Here’s an interesting exchange yesterday between reporters (primarily Chip Reid of CBS) and White House press secretary Robert Gibbs:
The reporters are complaining that in the upcoming White House “town hall” in Annandale, VA, the questions and audience seem too-tightly controlled. They’re frankly up in arms over it, and they do have a point: The Obama administration has bent over backwards to point out how transparent it hopes to be, and so you’d think a “town hall” would be very open.
On the other hand, there are very real considerations that have to be taken into account when one is putting on a public meeting with any hope of it being useful. Without pre-selected questions, you run the risk of just the most “popular” questions being the ones asked. That means we’d get the obligatory why-don’t-we-legalize-marijuana question, along with the prove-you-‘re-actually-a-citizen question. How does that help further a dialogue on health care in America?
Furthermore, this isn’t just a campaign stop — it’s the leader of the free world. A certain amount of decorum and planning is necessary, more than the Obama campaign might have needed when they were mounting whistle-stop town halls across America..
This exchange, to my mind, raises a few issues:
- There are practical limits to “transparency”
- Depending on where you sit, you will likely have a different view of where that line is
- If there is a gatekeeper function, people need to trust the gatekeeper and the process they’re using
- When people are disappointed on the “transparency” issue, they react negatively
So what can an organization (or an administration) do, when caught between a rock and a hard place like this?
I think the important ingredients here are humility and openness.
Note Gibbs’ demeanor in the exchange. He is a little condescending. He gives the impression that it’s all been thought through so just don’t worry about it. He dismisses the question and pokes fun at Reid (“I don’t understand . . . you’re not a member of the public?”).

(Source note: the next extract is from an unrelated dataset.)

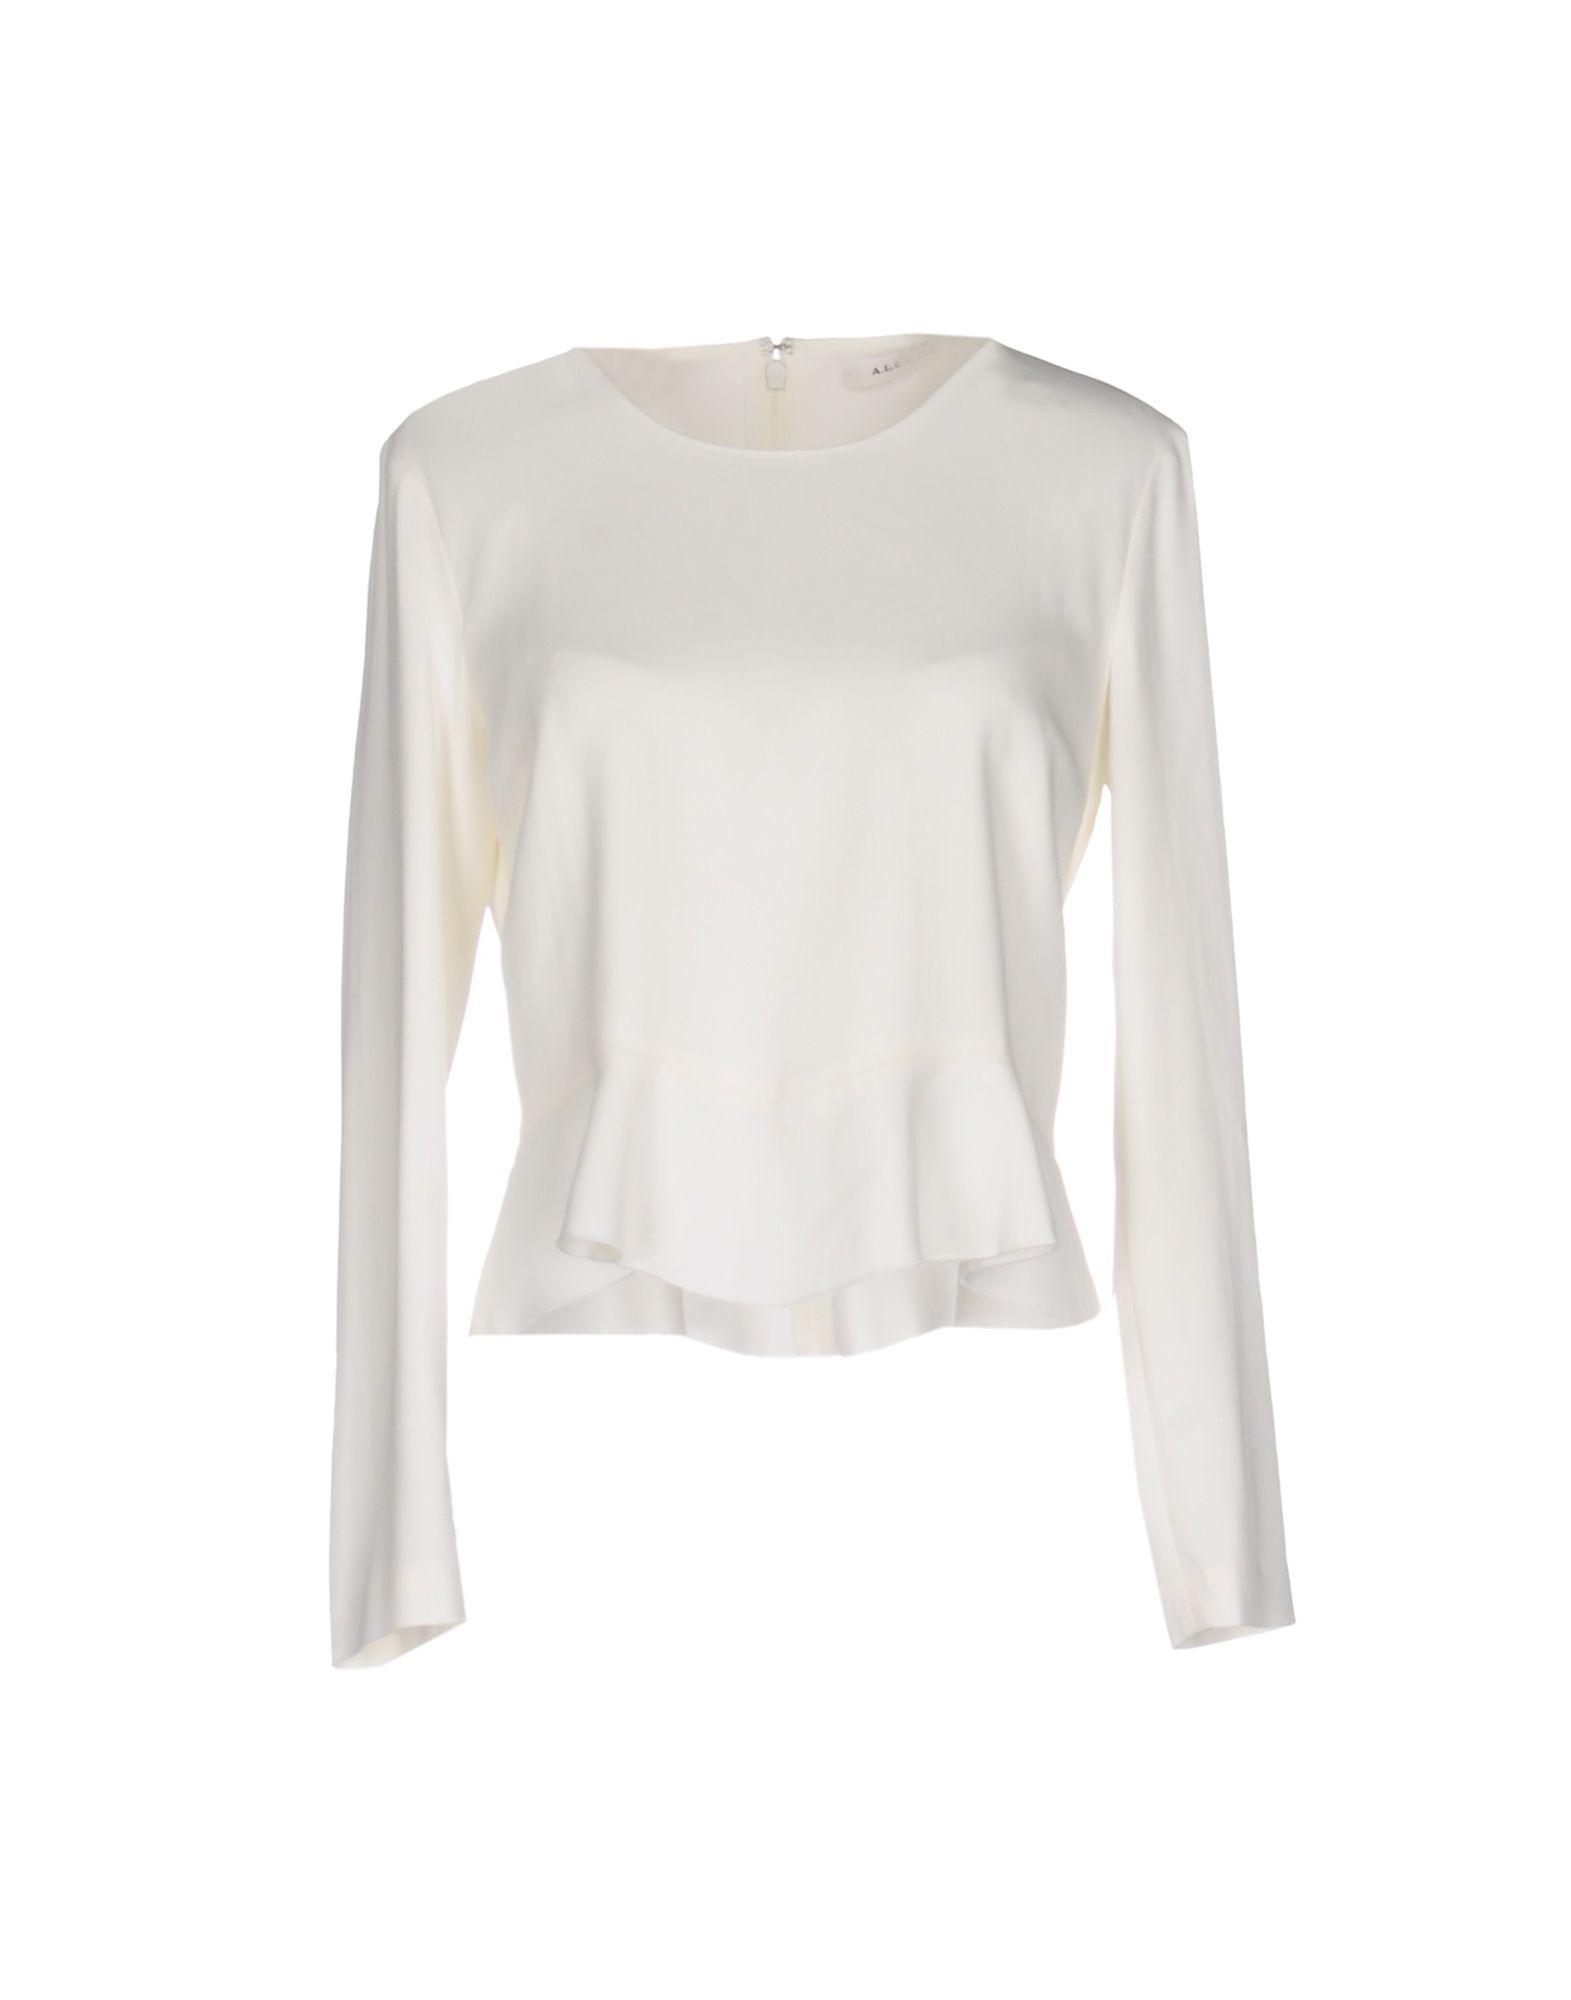 A.L.C. Damen Bluse Farbe Weiß Größe 4 jetztbilligerkaufen

Instead, Gibbs could have said something like:
We really wanted to make sure a good range of questions were asked, so we felt that we needed to have people looking over the questions before hand. We’re not trying to duck hard questions but instead make sure they’re included. When you just leave things open, often they become just shouting matches and the lowest common denominator rules. We understand that some people might not trust the question-selection process and we’re open to maybe doing it a different way. We’re also happy to talk to you about how we’re choosing the questions in more detail if you would like.
(Surely, Gibbs would say it better than that.) Notice that this is both humble and open. Humble because it recognizes that the administration could be wrong; and open because it stresses the administration’s willingness to engage on what the process looks like.
Note that “opennenss” is not the same as “transparency,” which is the ability of people to see what’s going on in governmemnt. Openness is fundamentally about creating a two-way street between the governmemnt and the governed.